In short, the unions are out of ideas, and they're out of ways to run.

Recent events in New York City have been revealing. Faced with the success of the state's charter school movement -- where non-unionized, lightly regulated schools have been running circles around traditional public schools in poor neighborhoods -- the local teachers union has been looking to find ways to justify its incompetence-protecting contract.

Their bright idea? Apply to start a charter school themselves.

Now, many charter-school supporters have clenched their teeth and welcomed the idea. After all, the philosophy of the movement is to let a thousand flowers bloom -- and then mow down the ones that don't bloom brilliantly enough.

But when The New York Post got an early look at the United Federation of Teachers' application, it was pretty much a parody of what handing over the asylum to the inmates might look like.


* Charter schools typically improve student performance in very a simple way: giving kids a lot more class time.

Schools like the KIPP Academy in the South Bronx, for instance, run from 7:25 a.m. to 5 p.m. weekdays and a half day on Saturdays; KIPP also has a mandatory summer school that boosts its school year to 220 days, as opposed to the 180-day teachers-contract year. At its proposed charter school, by contrast, the UFT would give teachers new (paid) "professional development opportunities," while giving students not one extra minute of class time.

* Another key to the success of charter schools is the wide-ranging freedom principals have to pick their staffs and hire and fire as necessary.

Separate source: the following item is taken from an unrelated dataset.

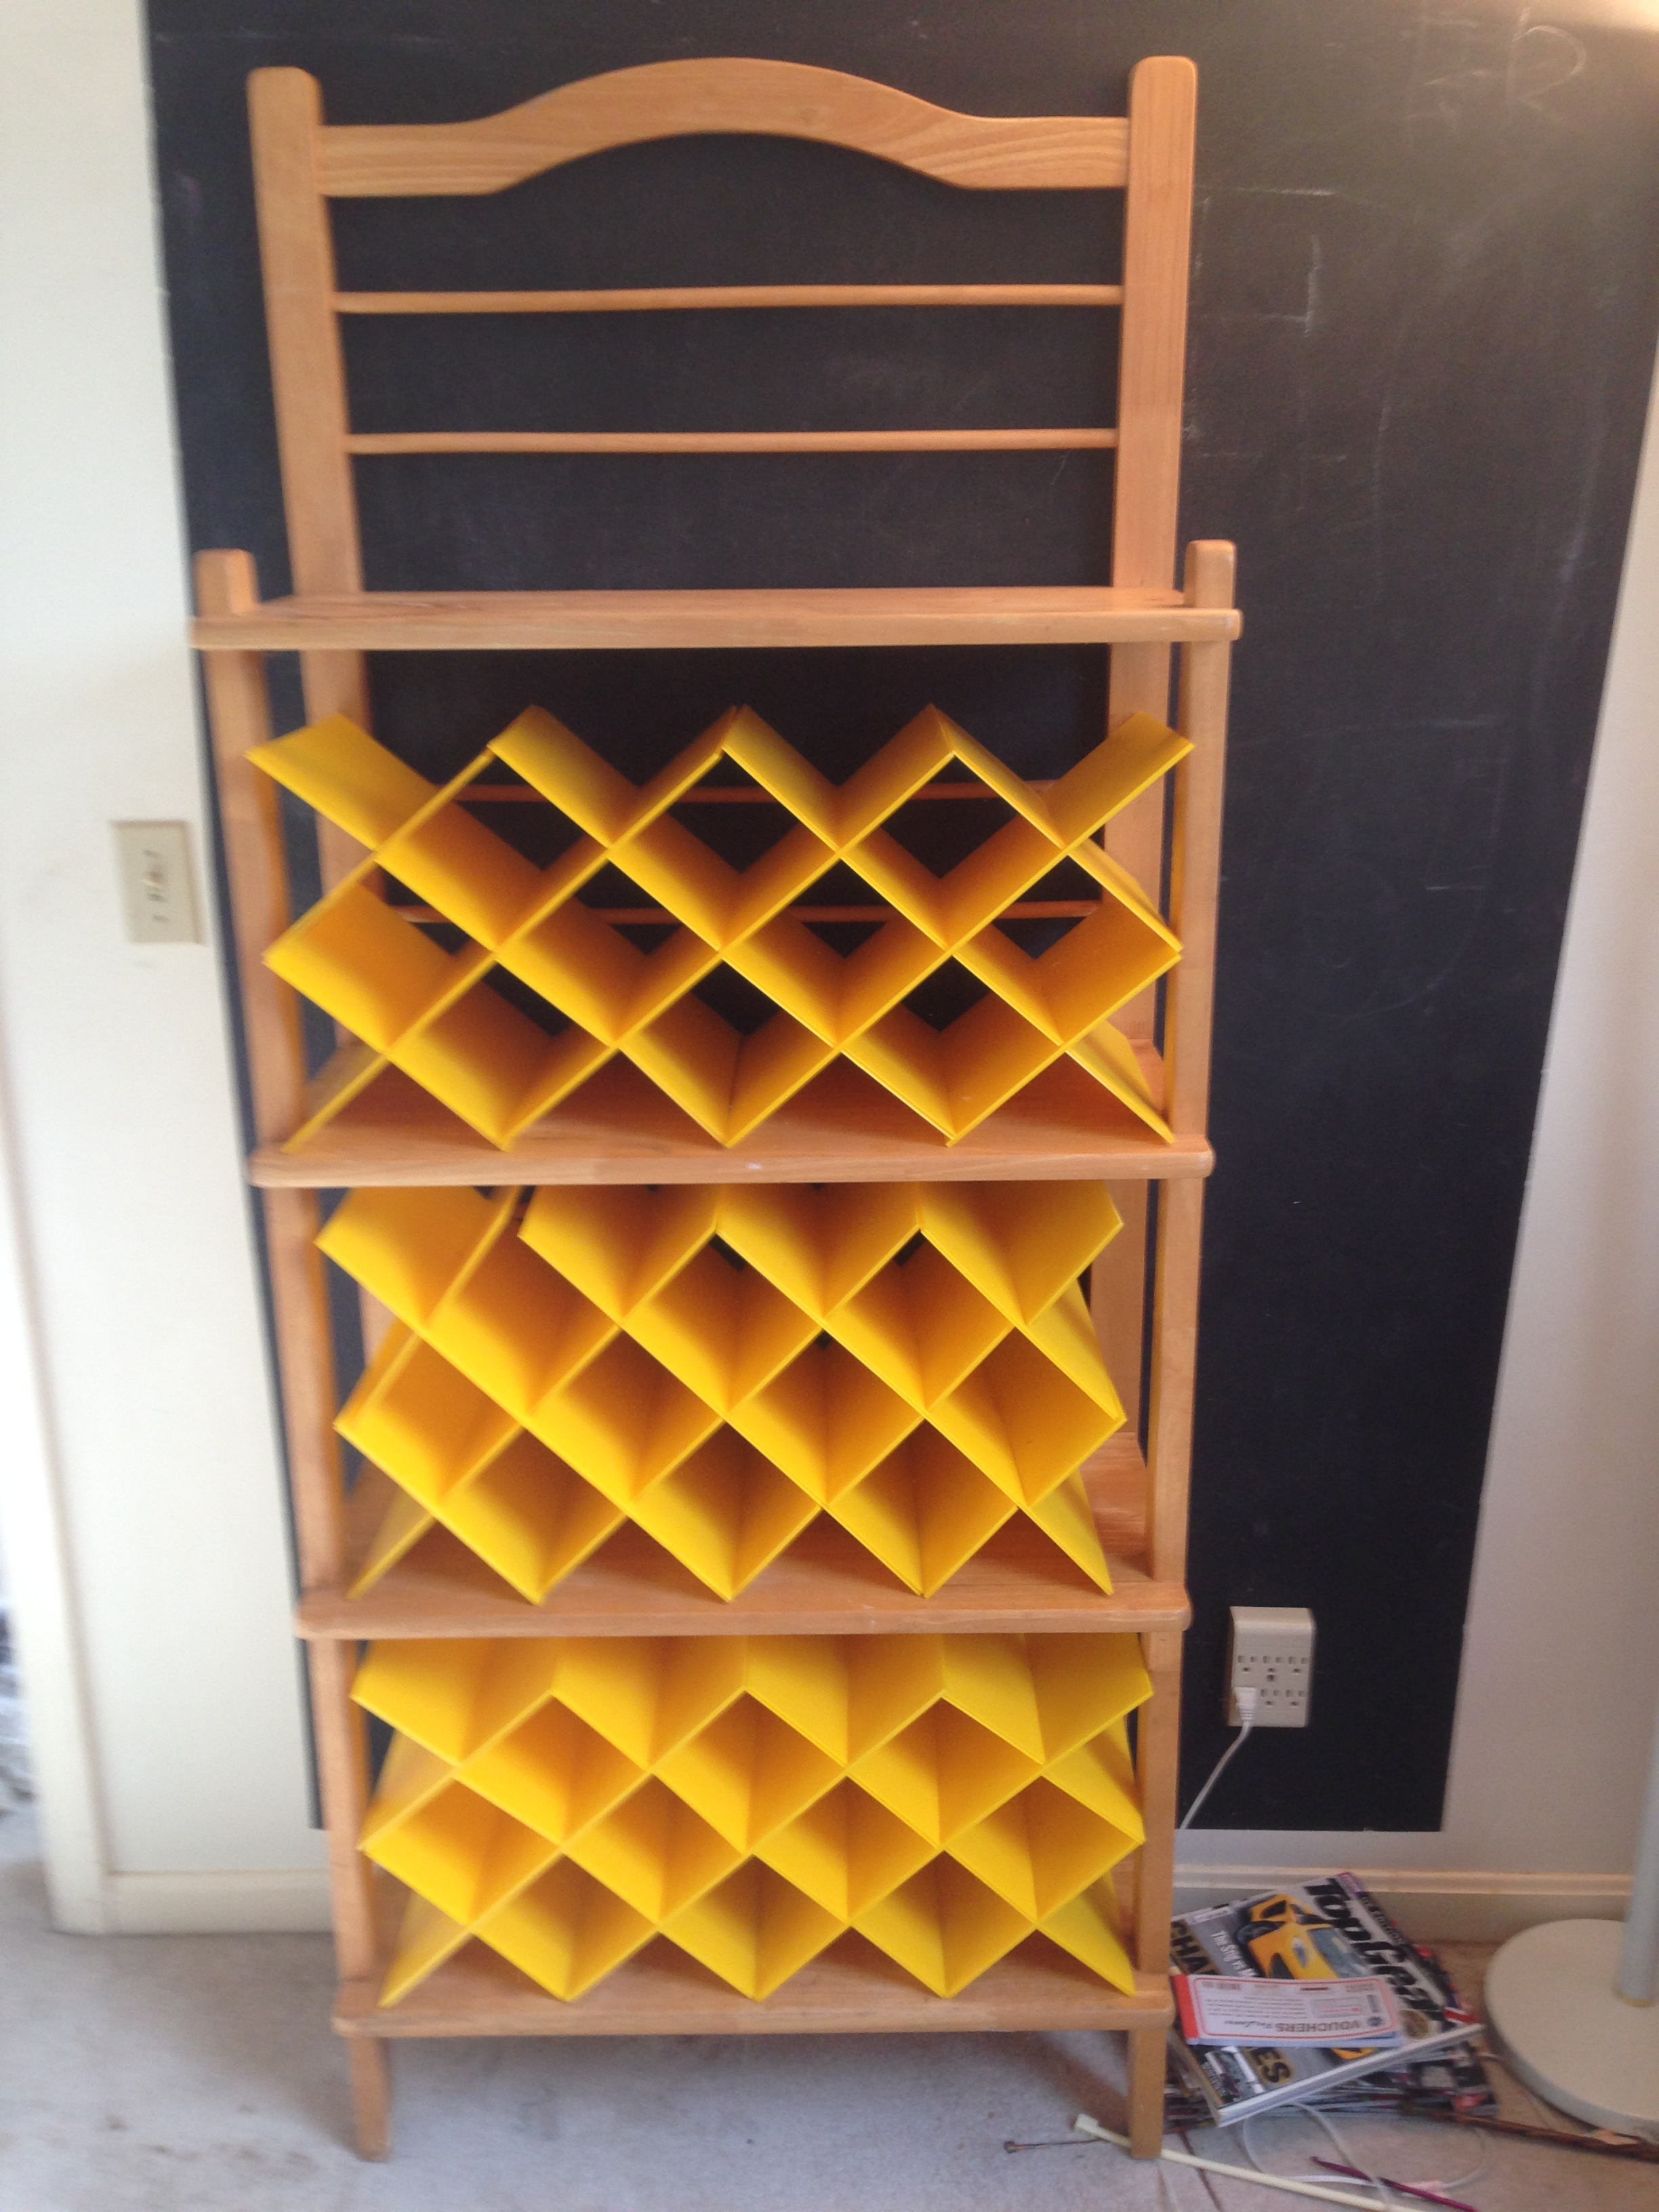 Claypool Knitting Shelves

In the UFT charter school, though, every staffing decision the poor school leader (not a principal, mind you) made would be subject to review by various committees made up of UFT delegates, UFT-represented teachers, parents and other "stakeholders."

* Lastly, many of the most successful charter schools have pursued a back-to-basics approach to the curriculum, making use of traditional, as opposed to "progressive," instructional methods.

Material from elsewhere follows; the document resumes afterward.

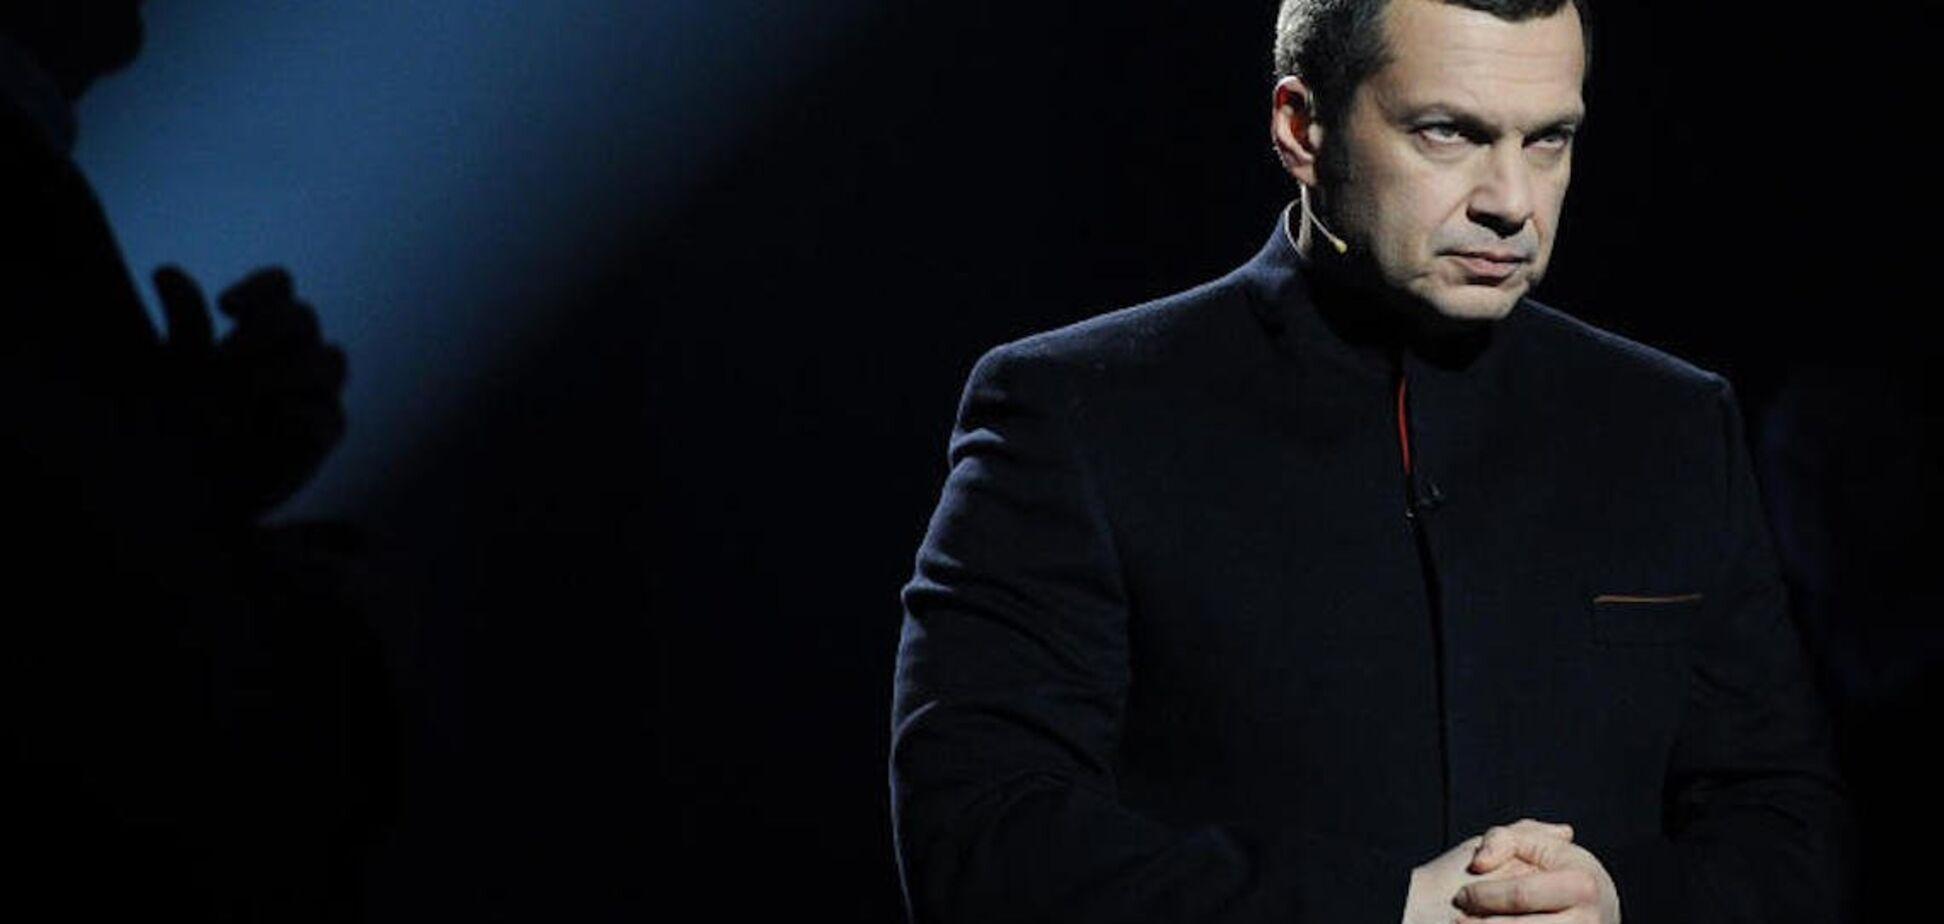 Соловйов попросить повернути Україні Крим: пропагандисту Кремля передрекли долю

UFT President Randi Weingarten has herself been supportive of such an approach and highly critical of New York City's use of the so-called progressive programs. Yet, the UFT decided to use relatively "progressive" math and reading curricula. Weingarten has admitted that she's uncomfortable with these programs, but she simply doesn't seem able to defy the lefty education-school operatives that have infested her union (not to mention every single major school district in the country).

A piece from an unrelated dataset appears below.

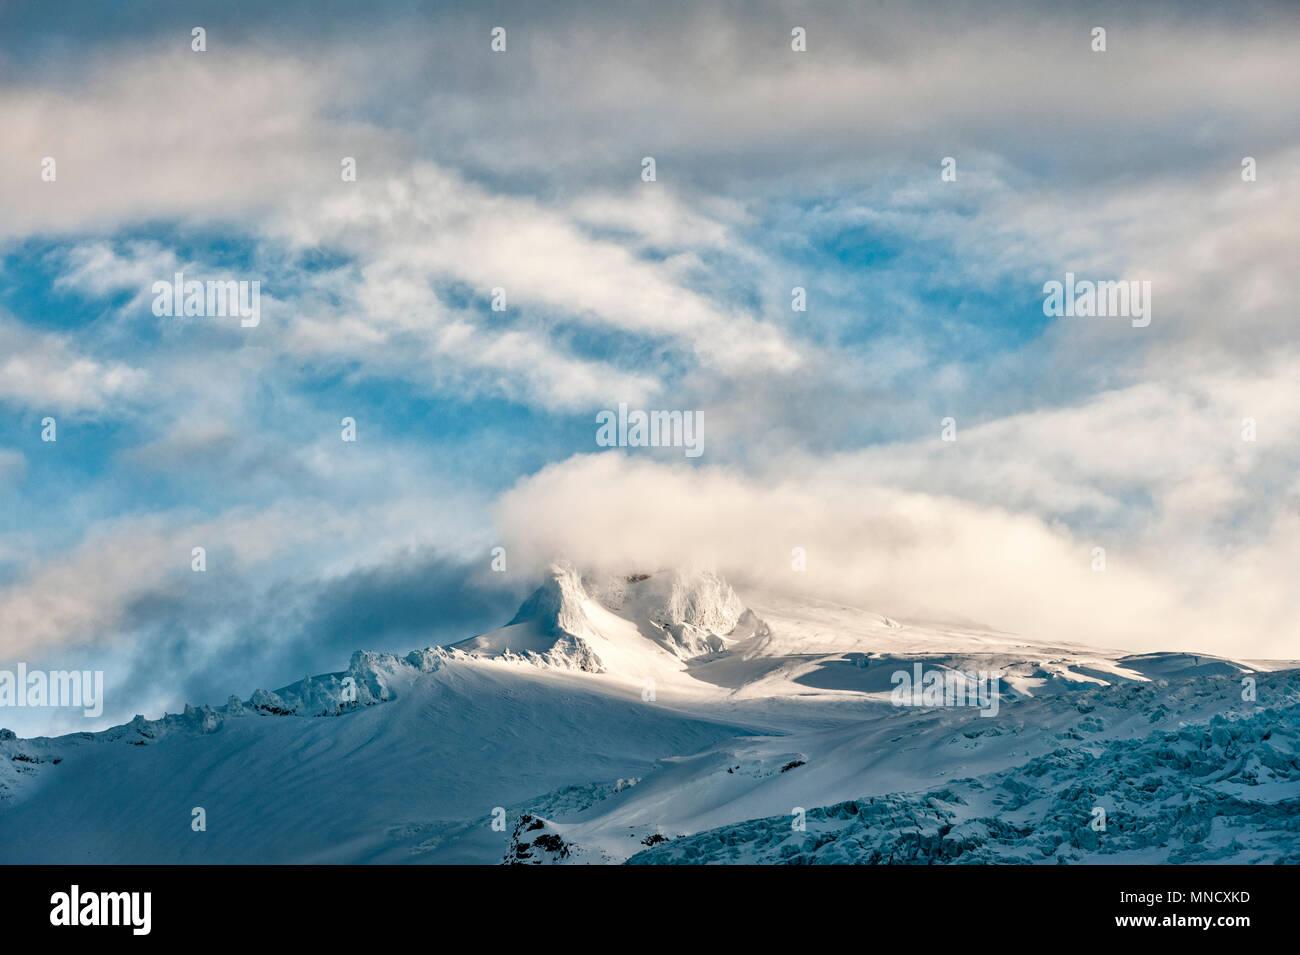 South Iceland. Hvannadalshnúkur, at 2110m the highest peak in Iceland. It is part of the Öræfajökull volcano in the Vatnajökull National Park - Stock Image

The fact is, the unions have reached a dead end. They know that they're losing the debate and that they need to try something new. But they're so tied to their industrial-union model, where job protection is their North Star, that they can't do anything that leads them too far out of their way.

They can continue to bully for a while, based on their political and financial muscle -- union members are the only reliable voters, especially in urban school districts -- but eventually even that won't work as a new generation of Democratic leaders begins to realize that their constituents won't take it any more.

Democrats are getting the message in New York as the union's support crumbles. Democrats in Florida might start to get a taste of it as their teachers-union allies pick a high-profile fight with poor kids.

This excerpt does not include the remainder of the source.